Digital publishing company Vook acquires e-singles publisher Byliner
Byliner authors are told the good news that Vook will be increasing their royalty rates to 85% of net revenues
The digital book publishing company Vook said today that it had acquired Byliner, a San Francisco-based company roughly in the same space.
“Acquiring Byliner is our first step towards taking everything we’ve learned from powering large brands’ publishing programs, and using it to directly empower authors to publish faster, market smarter, and keep more creative and financial control of their work,” wrote Josh Brody, Vook Chief Executive Officer today.
“As Vook’s first in-house imprint, Byliner will continue to acquire and publish short-fiction and non-fiction by award-winning authors.
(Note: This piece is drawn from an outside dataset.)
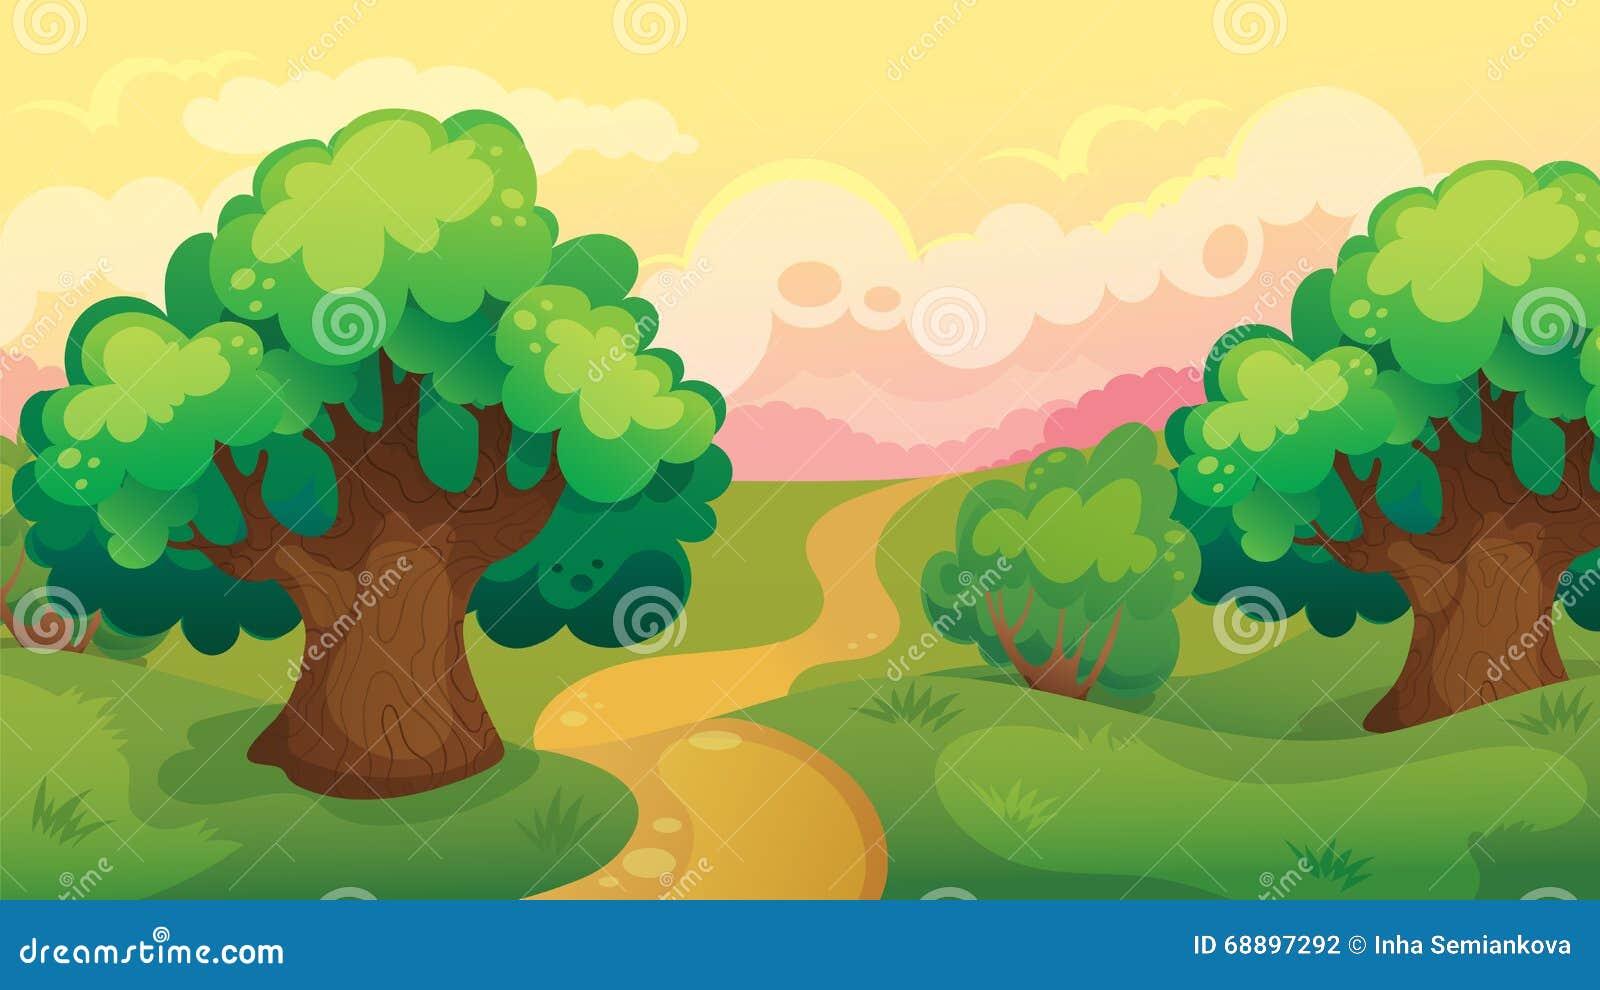 森林背景图儿童画分享展示图片

Byliner authors will soon get access to Vook’s new set of tools and services, expanding distribution and marketing opportunities for their titles,” Brody said.
Vook’s first step in keeping Byliner authors happy is to increase their royalty rate to 85 percent of net revenues. (That would make me happy, I know that.)
What makes Vook the company making the acquisition? Most likely better funding. Vook was found in 2009 by Bradley Inman, known today as an Internet entrepreneur, but remembered by those of us who have been Classified Advertising Managers as a real estate columnist. The company acquired Booklr earlier this year, a company that provides real-time market data to authors and publishers.
Byliner, meanwhile, has had issues growing its business and began looking for a partner during the early summer. “We’ve struggled to reach the level of growth we’d been hoping for the business, and thus we’ve begun conversations with possible partners about the future of Byliner,” the company told its authors. “We’re working to find a good home for our platform and your stories, and we’ll be in touch shortly with specifics about your titles.”
Now they know the rest of the story.